Estimate the fees: transaction costs, transfer, network, deposit or wallet.

Pay attention to the risks: the time of withdrawal and transfer, market volatility, portfolio maintenance, rules or preconditions associated with exchange and withdrawal operations.

Weigh how much of your profits will go to taxes (if any).

A good strategy is to open, verify and top up your accounts (both in fiat currencies and cryptocurrencies) on several exchanges before you discover the possibility of arbitrage. This will help you save a lot of precious time when making transactions. Also, sometimes you may want to avoid bitcoin transfers between exchanges because the network is notoriously slow and relatively expensive, but that's only a problem when it's crowded.


Having determined whether exchanges and opportunities are suitable for fast and profitable trading, it's time to either implement them or look for another great opportunity.


Software for automation of arbitration


In addition to manual arbitrage trading, there are platforms offering software that will help you find opportunities and make trades automatically. They use bots and scripts that scan some exchanges 24/7 and can make a profit on their own. Of course, they also involve a fair amount of risk, so you should be careful not to gamble with money that you can't afford to lose.
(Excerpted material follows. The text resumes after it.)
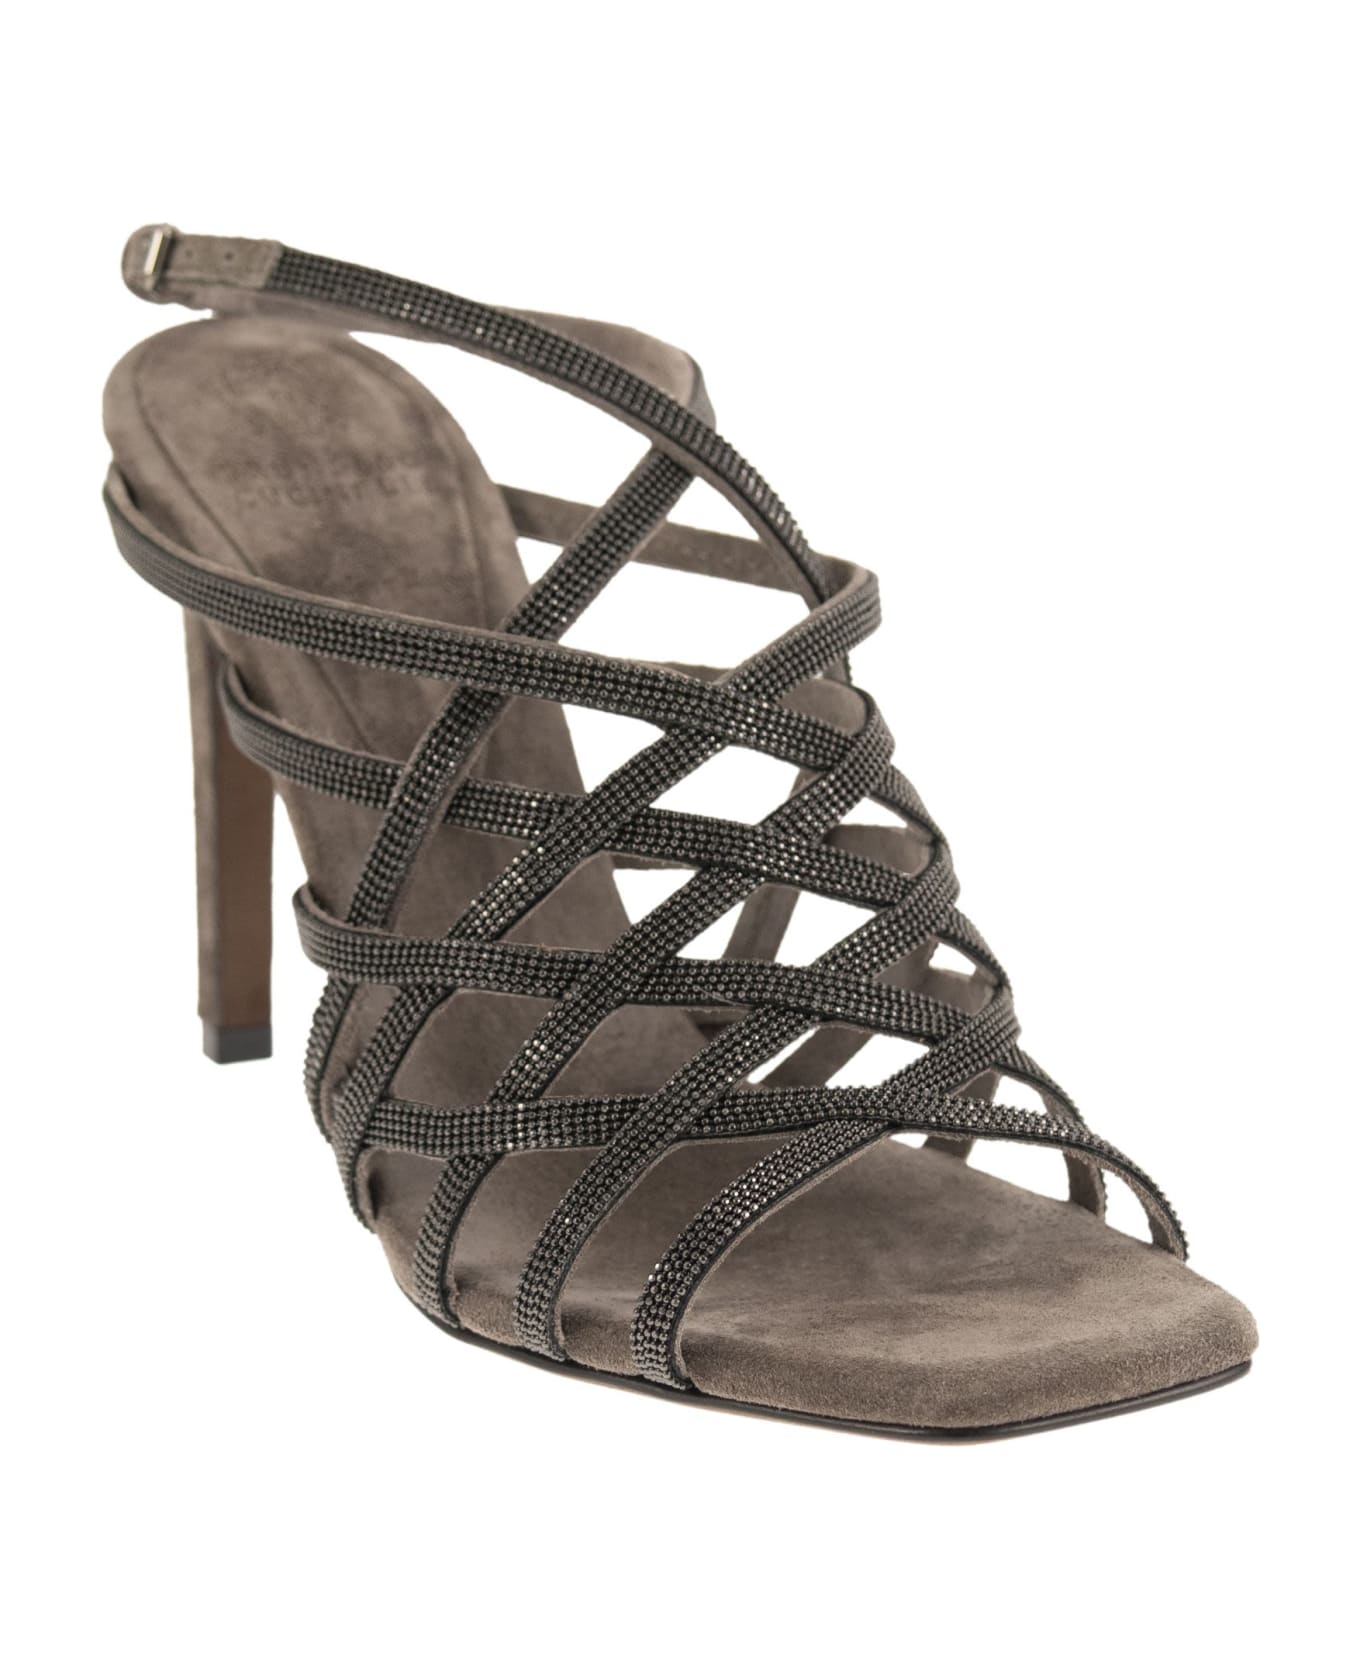 Brunello Cucinelli Sandals - Grey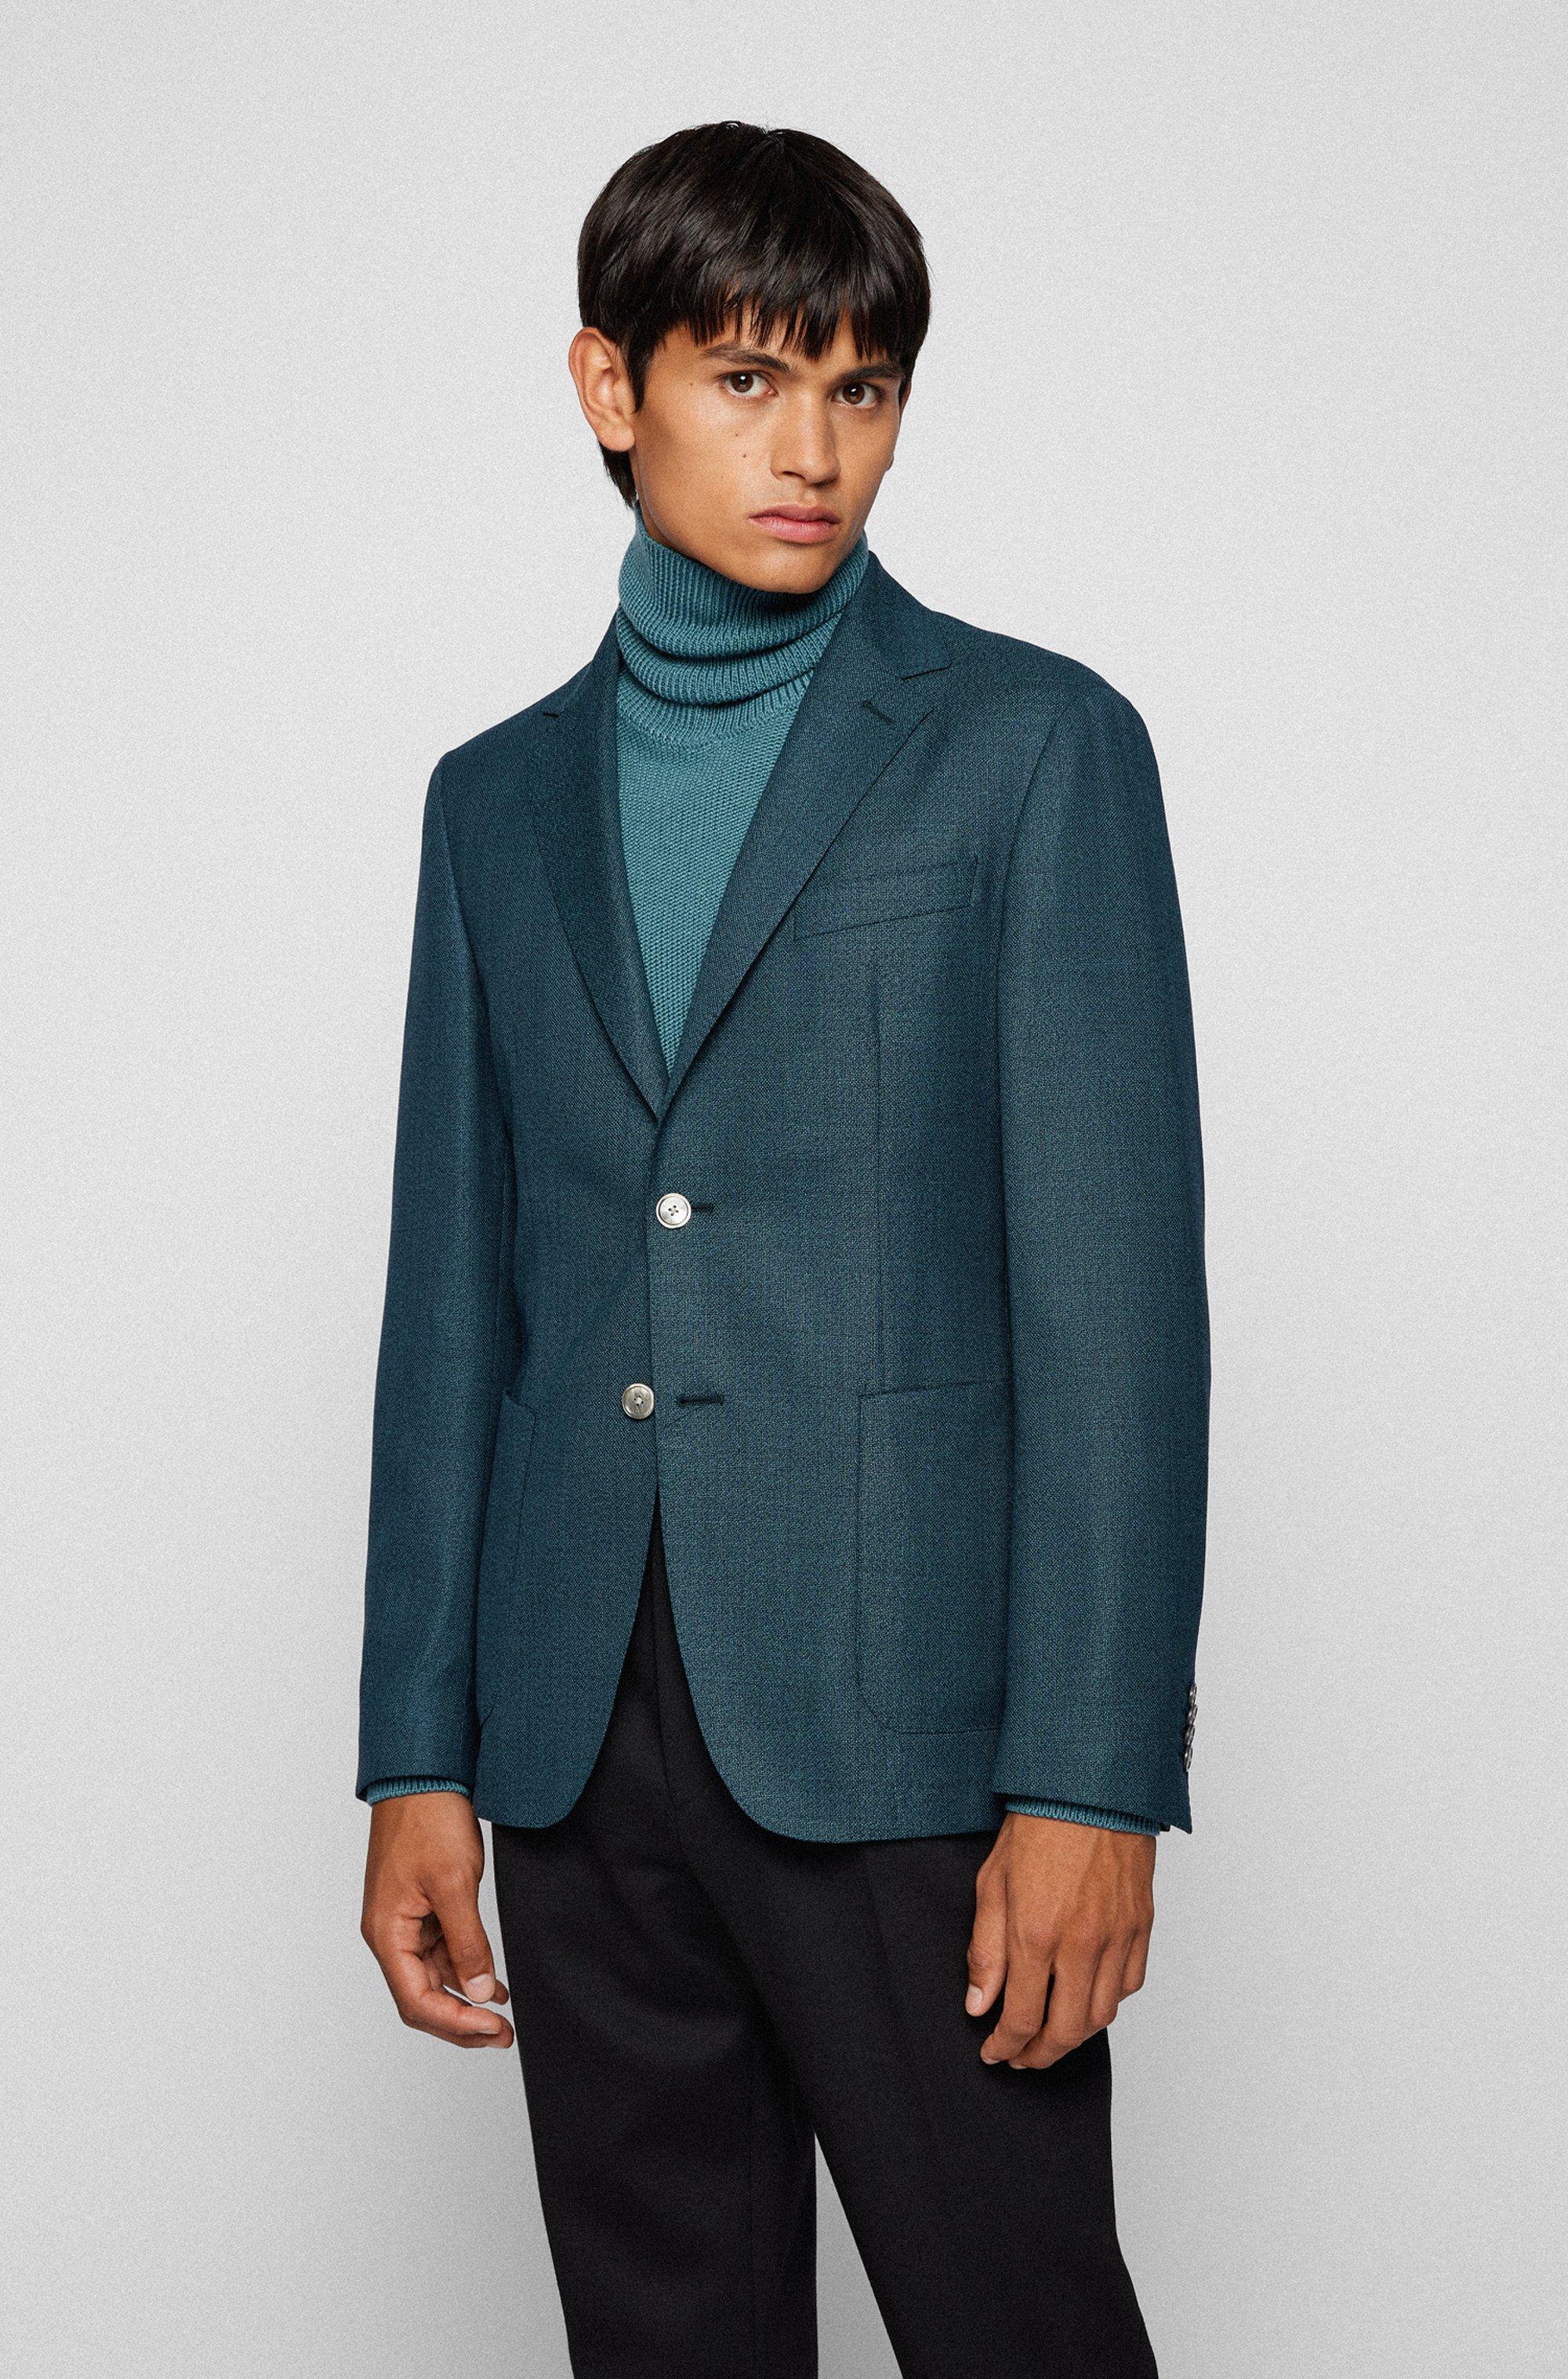 BOSS by HUGO BOSS Slim-fit Jacket In Stretch Virgin Wool in Dark Green ( Green) for Men - Lyst

One of the best automated crypto-arbitrage companies is the EU-regulated arbismart, which offers investors various plans starting from just 500 euros.


Many interesting companies working in this field are arbetau, hasonline software, Geico and Geimer.


We hope that this guide has taught you what crypto arbitrage is and how to do it. Keep in mind that trading cryptocurrencies is very risky and you should never risk money that you cannot afford to lose. After all, it is you who should take responsibility for your decisions and research.